Butterdej Snail with Salmon
ReceptionsServings: 1 portion(s)
Ingredients for Butterdej Snail with Salmon
Egg for brushing | ||
Dill | ||
Pepper | ||
Garnish | ||
Lettuce leaves | ||
Salt | ||
½ | dl | Whipped cream |
½ | tbsp | Grated horseradish |
100 | g | Smoked salmon |
2 | pl | Puff pastry or 1 serving home-aver puff pastry |
2 | tbsp | Dried dill |
50 | g | Crème fraiche 38% |
Instructions for Butterdej Snail with Salmon
To prepare the Butterdej Snail with Salmon recipe, please follow these instructions:
The butterdough plates are rolled out and put together to a size of about 20 x 36. The butterdejen is brushed with egg whipped egg and the dill is spread over.
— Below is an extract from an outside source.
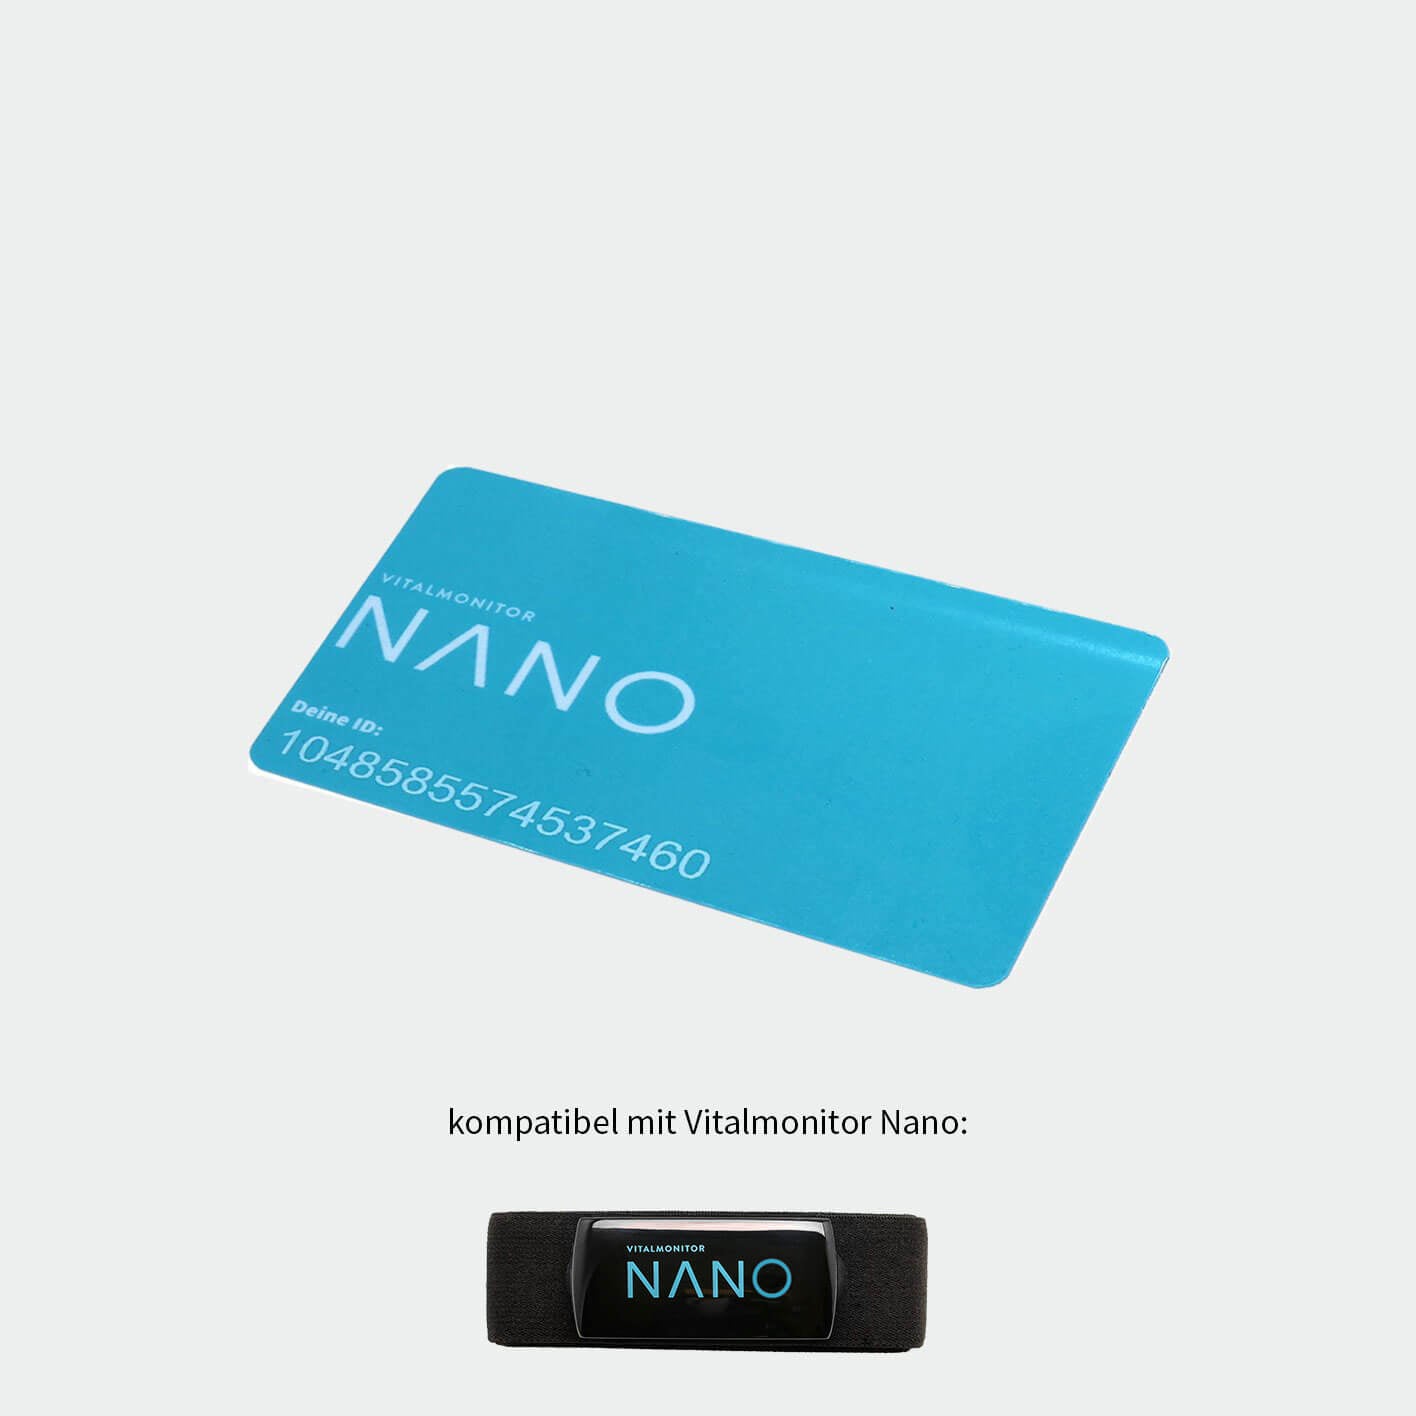 Vitalmonitor Nano ID Karte

Butter the butter rolled into a thick sausage about 20 cm and cut into about 1 cm thick slices. Put the snails on baking paper on a plate and lightly squeeze and brush with eggs.
Bake in the oven for about 14 minutes at 200 degrees C. alm. Oven and cool.
Cream the cream fry and horseradish together and season with salt and pepper. The cream is whipped to soft foam and turned into the cream.
The snails are put together two and two with horseradish cream and smoked salmon. The dish is decorated with lettuce leaves.